More and more news organizations are hiring “social media producers.” I hope they’re given the challenge of not just distributing the news to the crowd, but also diving into it and finding individuals who are able to articulate why they’re much more scared, angry or jealous than they are willing to admit in a room full of their peers.
Lessons From ONA ’10: What It Takes, Part 2
Aggregation continued to be one of the online news community’s big buzzwords at the 2010 Online News Association conference last week. The idea behind aggregation is that individual news organizations can achieve comparative advantages and that the entire information economy can function more efficiently if the news organization links to reliable information from bloggers, sources and other news organizations rather than replicating the information with its own take.
But aggregation isn’t free.
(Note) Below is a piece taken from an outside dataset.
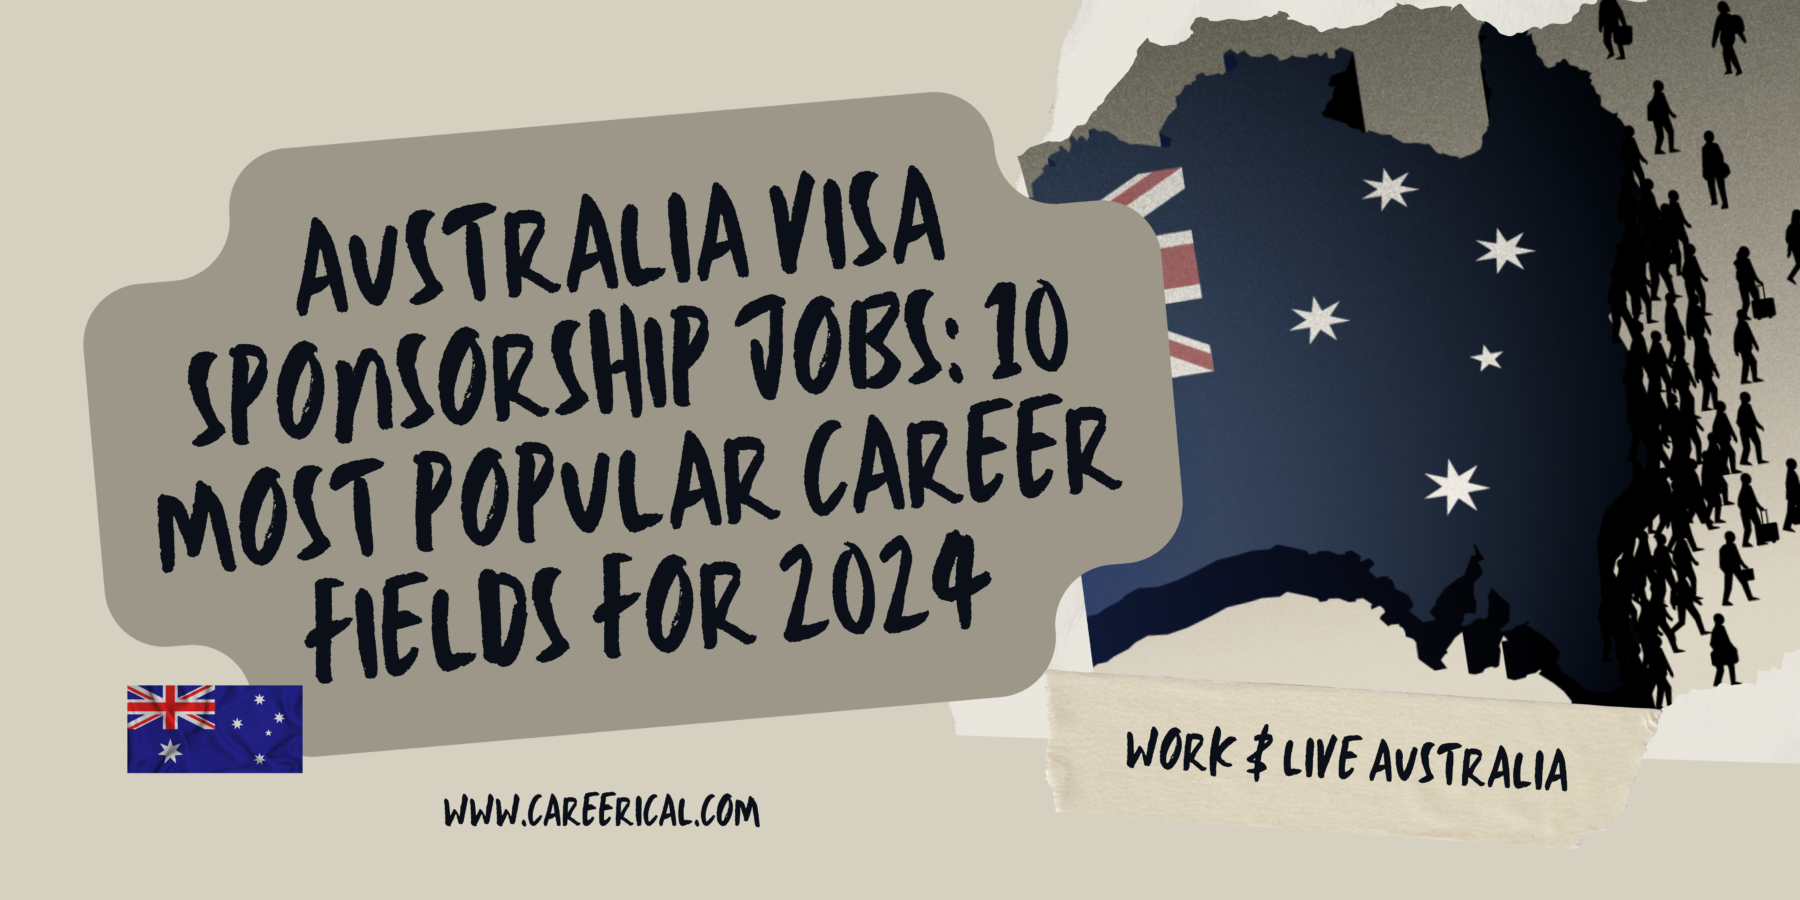 Australia Visa Sponsorship Jobs 10 Most Popular Career Fields for 2024

You can either automate it, which might cost a newsroom $25,000 to $100,000 in up-front costs, plus constant tweaking of the algorithms and processes that gather, organize and automatically publish news stories from external sources. Or, you can put humans and their infinitely superior cognitive flexibility on the task.
But what does that cost? Based on some estimates I’ve put together based on conversations at ONA:
* It takes an average of 8 minutes for a news producer to read a blog post or news story, write a summary and categorize it by location and subject.
* Based on a VERY limited sample that desperately needs further research, you can estimate pulling in one blog post per week for every 4,500 people in your market. (Please send me any data you have that would help me solidify this number.)
In my home market of Raleigh-Durham, which has about 1.5 million people, aggregating local content might take about one full-time position and cost a news organization maybe $35,000 a year plus benefits.
How does that match your experience with aggregation? What am I missing?
Lessons From ONA ’10: What It Takes, Part 1
At least three national news organizations approached me at last weekend’s Online News Association conference to see whether I could recommend any students with great news judgment and programming skills. That’s what news organizations are desperate to hire today. Why? Well, as former president George W. Bush will tell you some things — like learning how to program — are just hard work.
Lunch with a friend last week helped me put some numbers on just how hard it is. I was meeting with him so that he could show me the server he set up and the computational journalism he had been doing since we last had a chance to catch up. At heart, he is a writer and a reporter, yearning during our conversation for the chance to do more long-form narrative text stories. But in his newsroom, he is the resident programmer/journalist and has asked by his editors to hire more people like him.
Here’s what it took for him to become “tech savvy.”
* In high school, he took one computer programming class. He didn’t study or use computer programming at all in college. He wrote and edited stories at the campus paper. After graduation, he was hired in jobs as a researcher or blogger.
* He works 60 to 75 hours per week.
* He spends 90 percent of his time working with and learning about computer coding.
* It took him two years to get to this point of technical proficiency.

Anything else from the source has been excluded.